Wednesday, April 23, 2008

Tattoo: Tatu

My friend and coworker Dana Resente, who turned me on to Flann O’Brien a few months back, has a tendency to leave notes in Irish for me and my other coworkers whenever she gets a chance. For the most part, the members of my department regard this practice as endearing, and although we never quite know how to respond to Dana’s missives, we smile appreciatively when we receive them and hope that they’re neither shot-through with insults nor full of vital information like your car is on fire or the dean wants your head on a platter (again). Now, however, with the help of Nuala Ni Chonchuir’s stirring book of poetry, Tattoo: Tatu (Arlen House, 2007), I can at least reply with a witty (if non-sequitur) riposte of my own in the Irish language.

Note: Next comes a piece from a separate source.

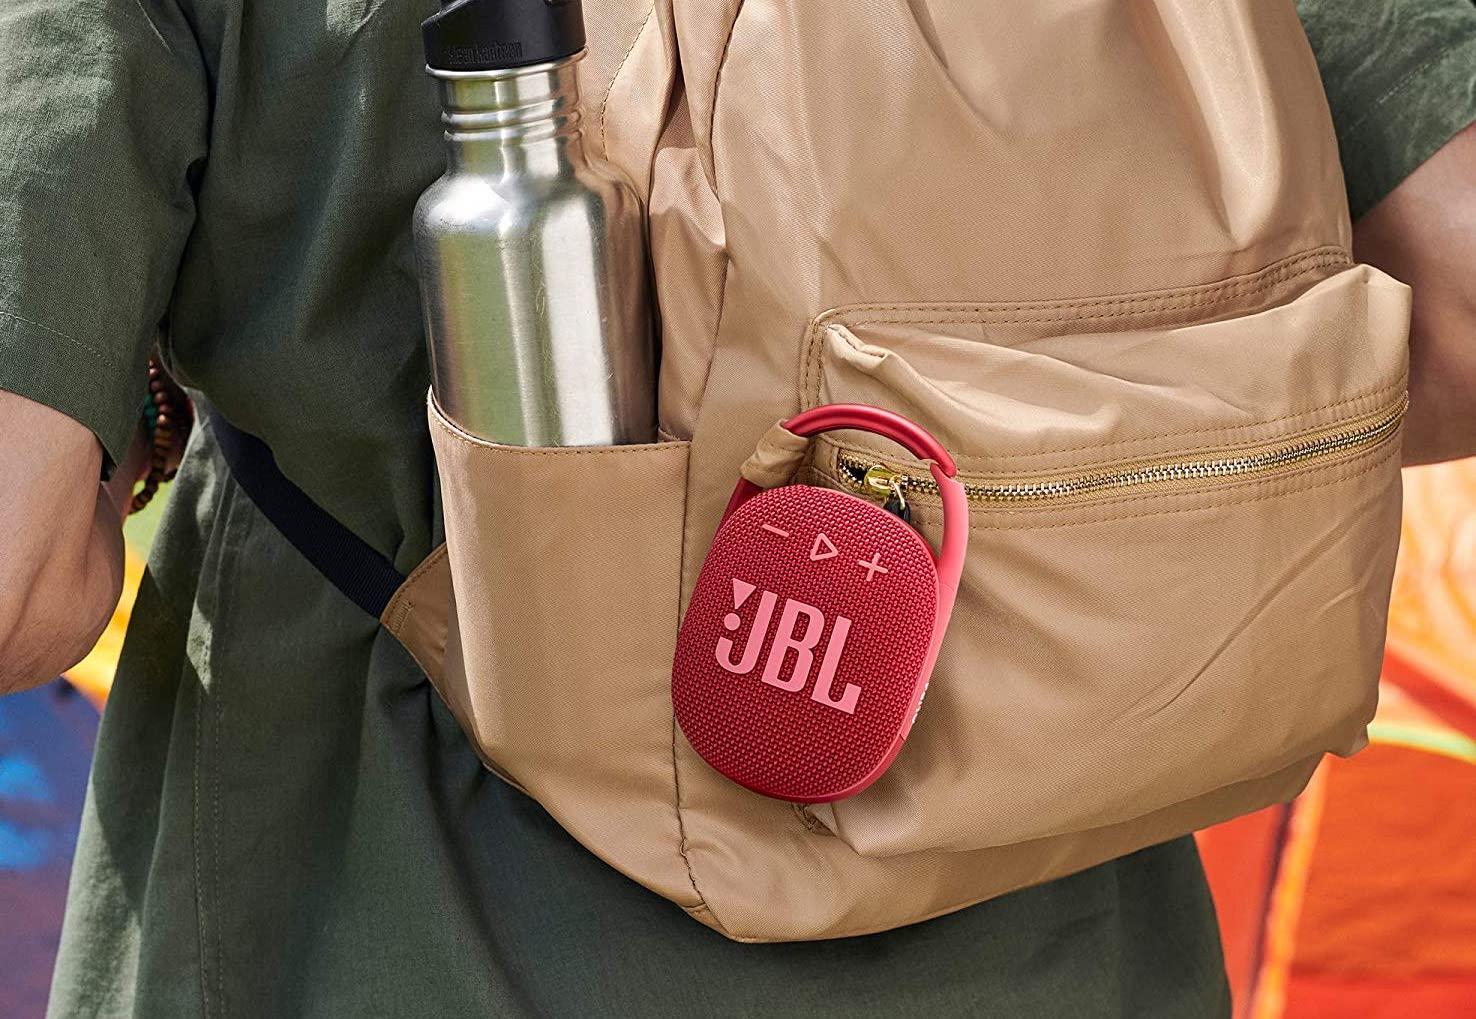 JBL Clip 4

To backtrack just a little bit, Chonchuir is an Irish poet whose work is both sensual and provocative. Her imagining of Virginia Woolf’s suicide in “Virginia’s Last Walk,” for example, leads the reader through the final moments of the writer’s life in minute, intimate detail (without, it should be noted, recourse to the rubber-nosed costumery that marks the same event in the film version of Michael Cunningham’s The Hours). Likewise, her treatment of Western body-image issues in a poem titled “Pandemic” toys playfully with the odd language we use to describe our relationships with food and each other: “Fun-size women/ bite each other’s backs,/ every flesh-inch/ tasted and tested/ against their own.”

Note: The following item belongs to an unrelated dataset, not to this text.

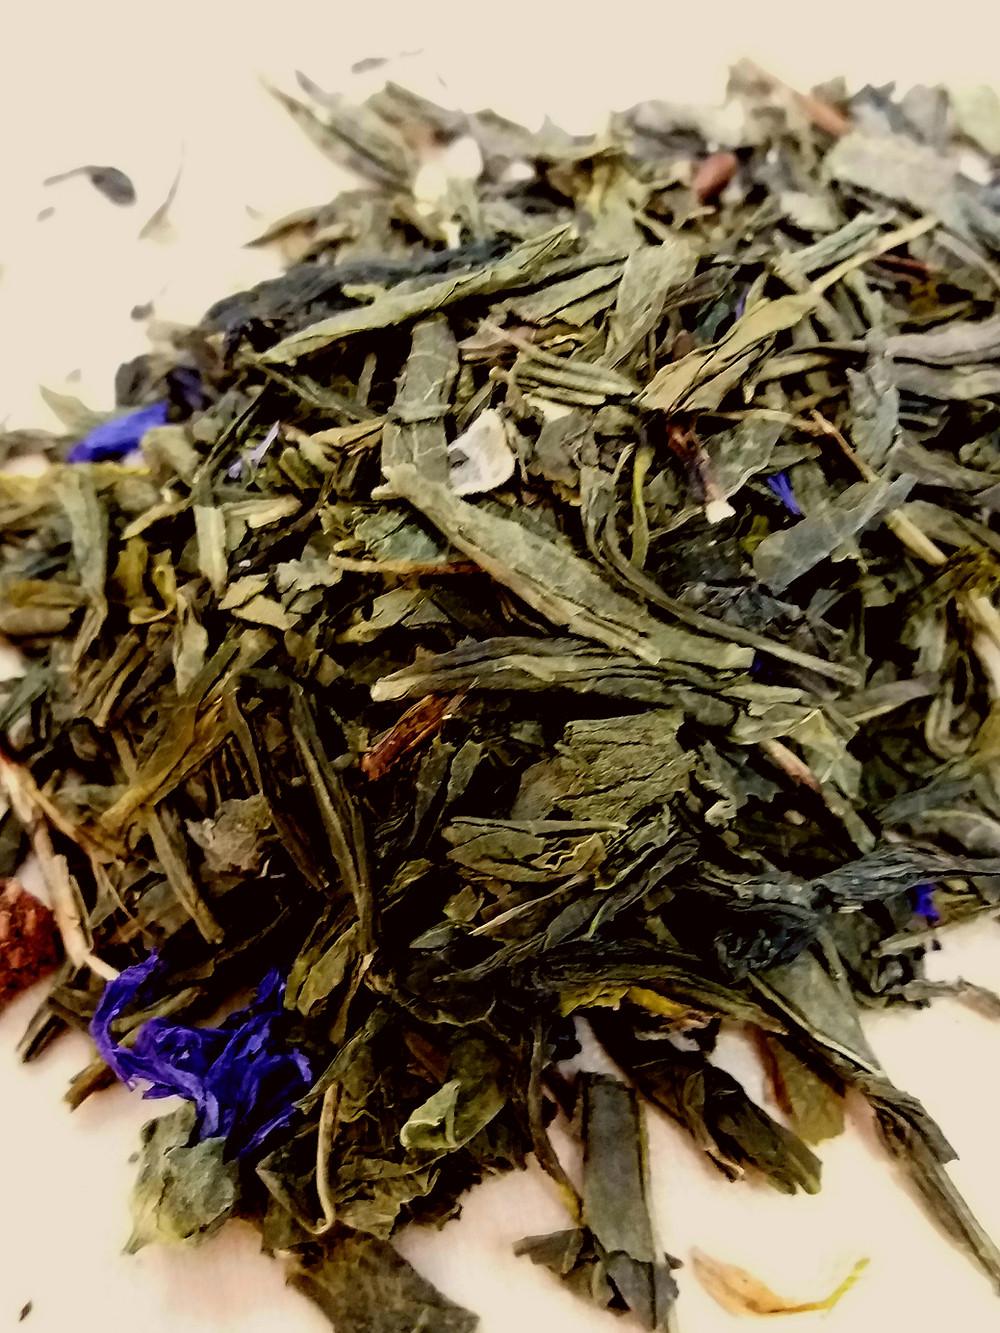 Tea leaf in it's natural form.

Yet while Chonchuir bares her soul and examines the world around her in visceral and challenging ways throughout the collection, what’s most fascinating about Tattoo: Tatu is perhaps the poet’s work as a translator. Professing a love for the Irish language throughout her introduction, Chonchuir juxtaposes many of the English-language versions of her poems with Irish-language versions of the same. And while I know absolutely nothing of the Irish language, simply seeing both versions of the poems side-by-side is an eye-opening tip-off to the vagaries of translation. What becomes clear in Chonchuir’s work as both a poet and a translator is that translation is never an exact science; rather, it is an art that speaks a language of its own. That is, in the gap between one language and the next, there is occasion, as in poetry and as none other than TS Eliot’s J. Alfred Prufrock might attest, for a hundred indecisions, a hundred visions and revisions, yet the translator, like the poet, must settle on only one.

Of course, there’s also a practical value to Tattoo: Tatu—at least for me. The next time Dana leaves a note in a foreign tongue on my office door, I can reply with a line or two from one of Chonchuir’s poems—something like “Ta me fuar i mo lui i lana daichead poll ionam stroichte o bhiorain!” (“I lie cold in a laneway, forty stab wounds pulled from needles!”).